The amount of traffic we dealt with, as a result of the politically sophisticated "rules of the road," was something no person from LA would want to live through. There weren't areas where you could drive fast cause there were no people. People were everywhere, just as in the old days when people would live by the river. But this was far filthier than the Nile that the Egyptians settled along. A road built maybe 50 years ago, before the British left India. Cars around the same age. Massively tan and tattooed trucks, with ink encouraging you to use your horn. There was no real infrastructure here. Literally people living in what seemed to be garages with no houses attached, on the side of the road. Mud, feces, smog, and poverty were their companions.

It was frightening to be exposed to such squalor. Frightening because the compassion you expected would well out of your heart like steam escaping a tea kettle's snout instead chose to huddle in the corner, avert its eyes, mumbling something (perhaps in a British accent) about how deplorable this all was. It (the compassion) was not brave, emphatically embracing these fellow human beings, their dignity and essential humanity respected in your emotion. It was afraid. And numb. Numb because you literally feel nothing. You're not sure if this is turtling your mind against the rush of tragedy, or just pure psychopathy. It feels horrible. To feel nothing. And then, the devilish lawyer in your mind twists it, and you mistake your guilt over feeling nothing as the compassion of the true response you had hoped for all along.

This was pretty much how I felt the whole trip. This made it extremely difficult to parse what my true response was to all that surrounded me. I could never be sure if my response was directly towards what I saw, or directly indirectly from my original lack of response. Later, when we saw more of my family, I felt the same way. It was amazing to be welcomed as family, as if I had been there all along and understood their world as well as they did. But when faced with issues that I had never really had to deal with in my childhood, like the impact that poor lifestyle, age, and the resulting poor health can have on the psyche, my compassion took the fetal position. But they loved me.

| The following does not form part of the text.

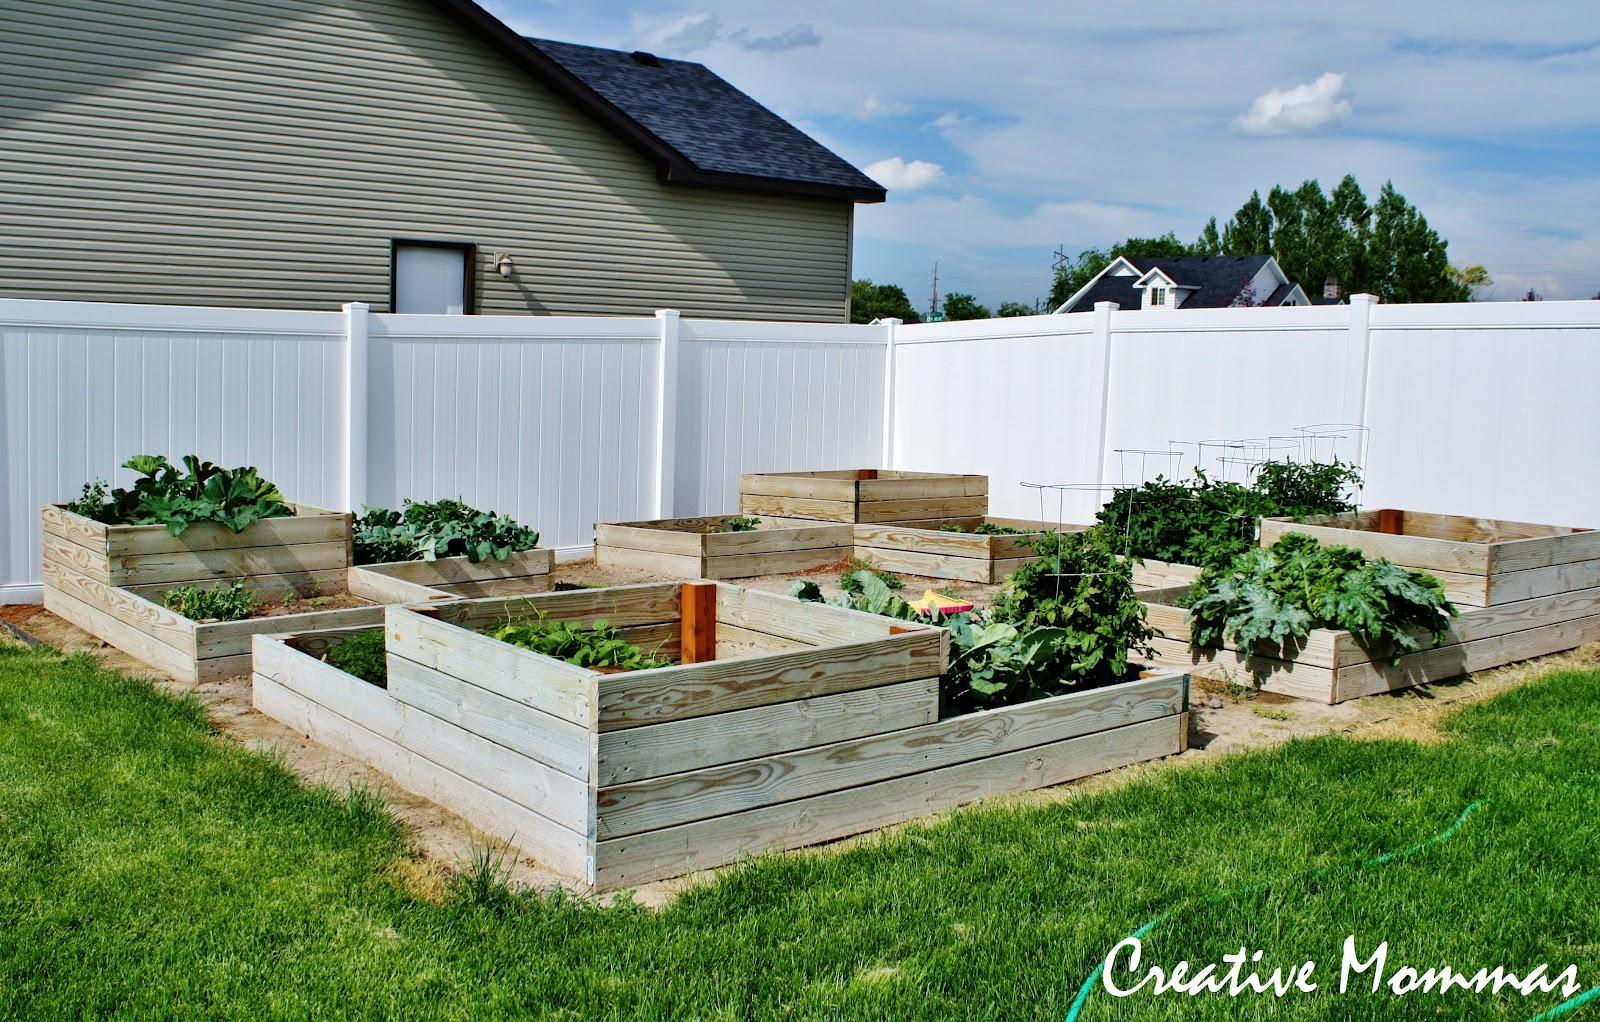 Garden Design For Raised Beds: Creative Mommas: DIY Tiered Raised Garden Beds
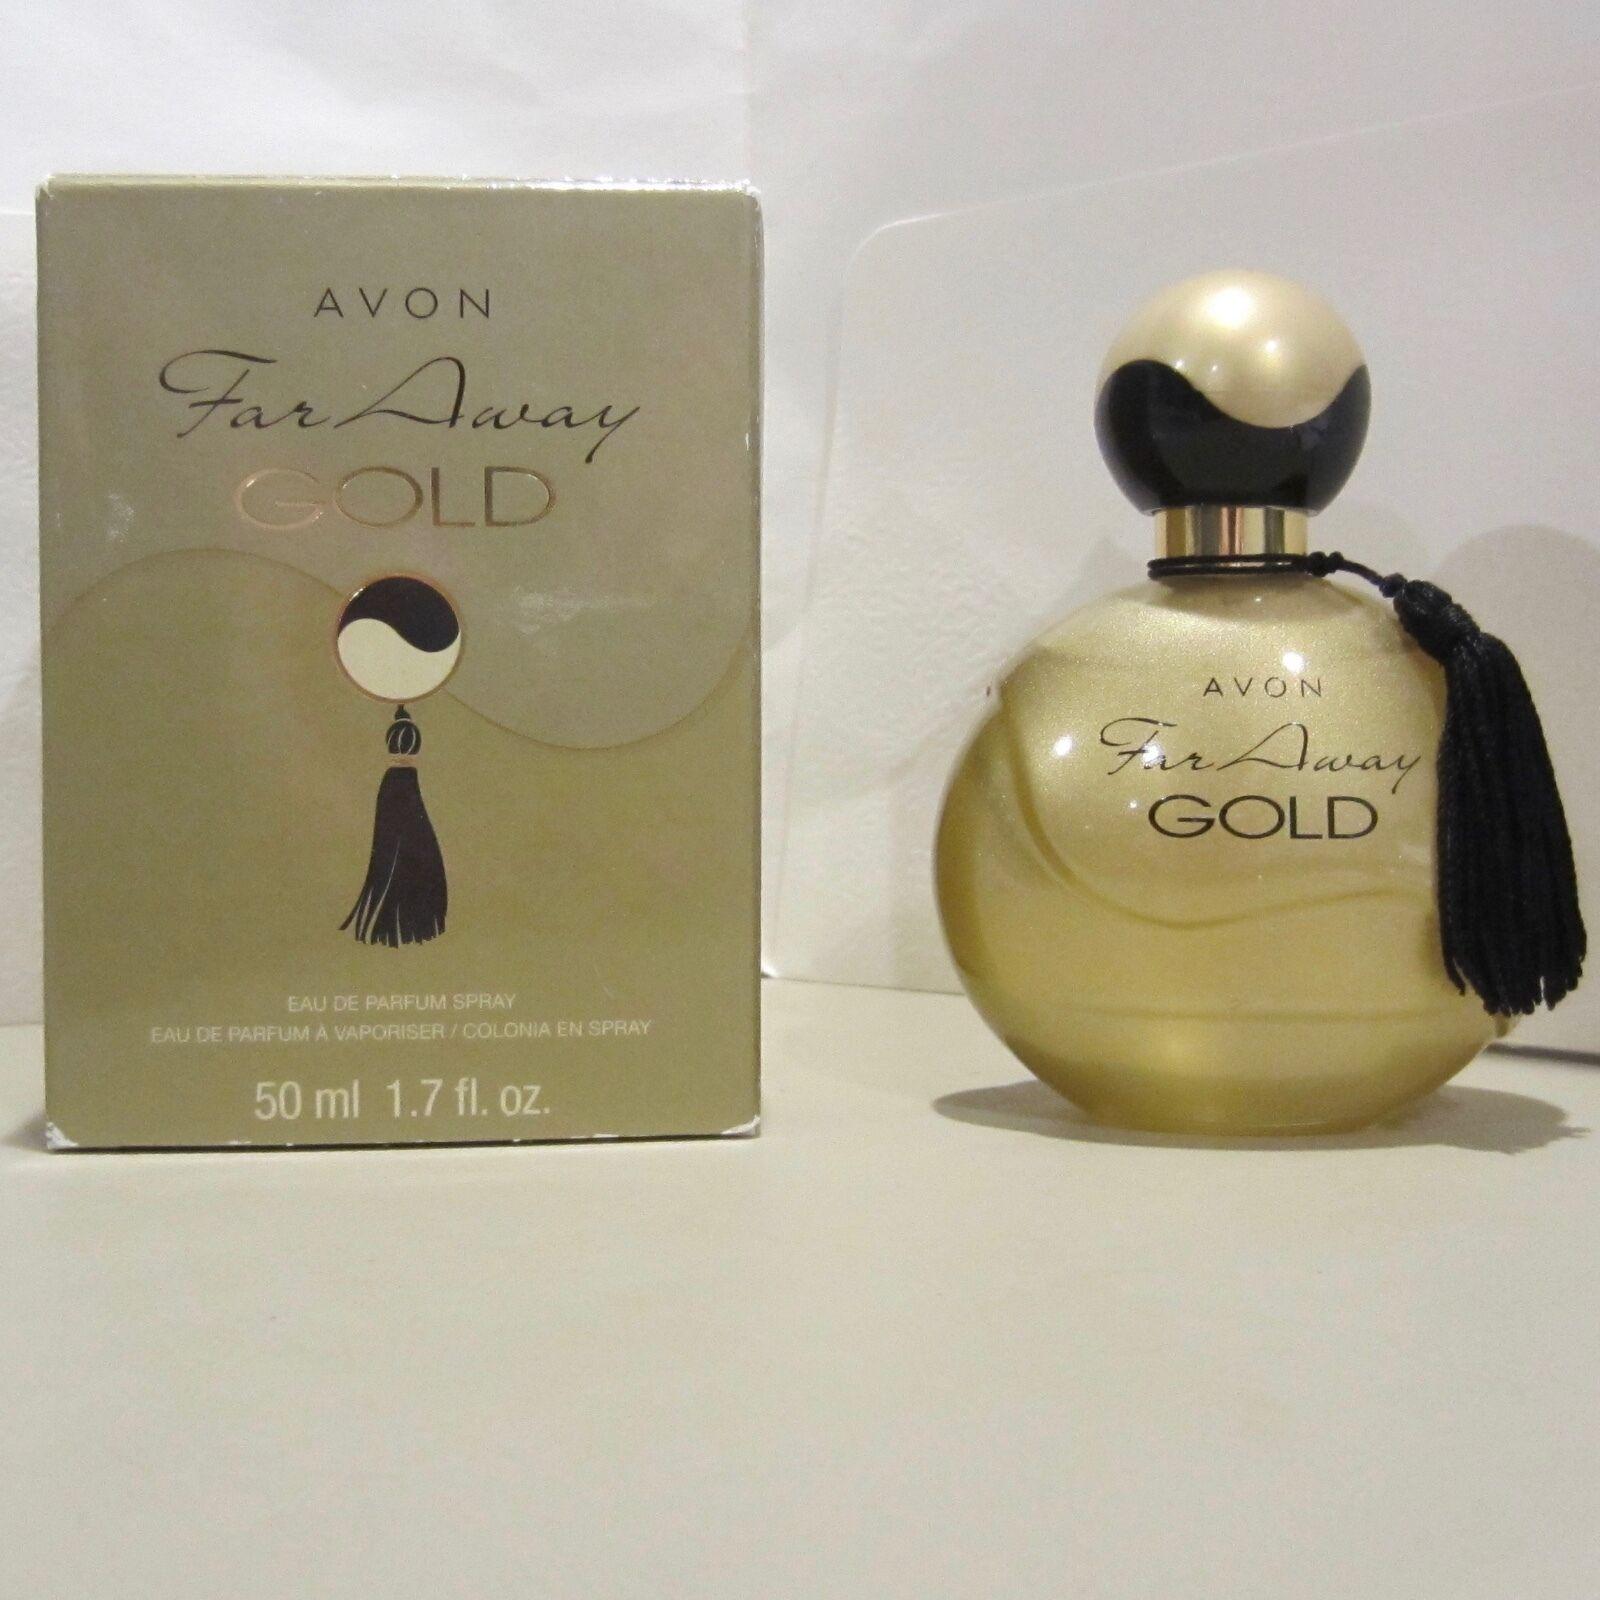 FAR AWAY GOLD PERFUME BY AVON - $6.99

Jaipur was worse than Delhi. I was (and am) really uncomfortable with being served, or (even truly) cared for. No matter how much money I end up making, I could never see myself hiring people to cook my food (restaurants excluded), take care of my domestic things, and drive me around. If I can do it, I should, I think, to maintain a close connection with the humming hive of the real world. Something about being driven around, or generally having other people do things for you that most people do themselves just reeks of privilege. And in sight of the gross inequalities at my constant attention, I couldn't stand it. Being reminded that for no reason other than pure, unfair, omnipresent luck, I was luckier than they. And there was no reason for that. They deserved as much as I've had, and after what they've been through, more. Something about being a tourist in this context really bothers me.

In spite of the realization that tourism is the desperate gasp of oxygen reaching life starved veins, I couldn't help but feel like they would have been better off moving far away from the city, and learn to be farmers. Rely on the bounty of the land, rather than the generosity of apathetic strangers and local elites. I thought this would be a more reliable method of sustenance. This is of course an ignorant thought given the arduous life that many Indian farmers lead (read: Monsanto), but either way I didn't feel that my presence contributed towards their sustainable well-being. Their immediate and short-term well-being was abducted by my tourism. Wholly subservient to it. I wasn't sure what would or wouldn't exist there had I never visited.

We visited the castle of Jaipur, which had a classic mix of Hindu, Muslim, and Buddhist architecture. This is where, again, it becomes clear that the recent notion of a strict division between these faiths is a gross oversimplification of the complex cultural exchange between them that has gone on for millenia. The castle was basically at the base of an Indian equivalent of the great wall of China. The worksmanship was incredible, a reminder of what humans can accomplish provided sufficient motivation, in spite of technological limitations.

From there we went back into our bone-chillingly air-conditioned car to grab some lunch. Throughout the trip, we avoided eating food cooked on the street, taking instead to the sorts of the places only tourists go. And it really was that way, we saw the same people eating at this place that we had seen eating at another place on the way here, 200 miles away.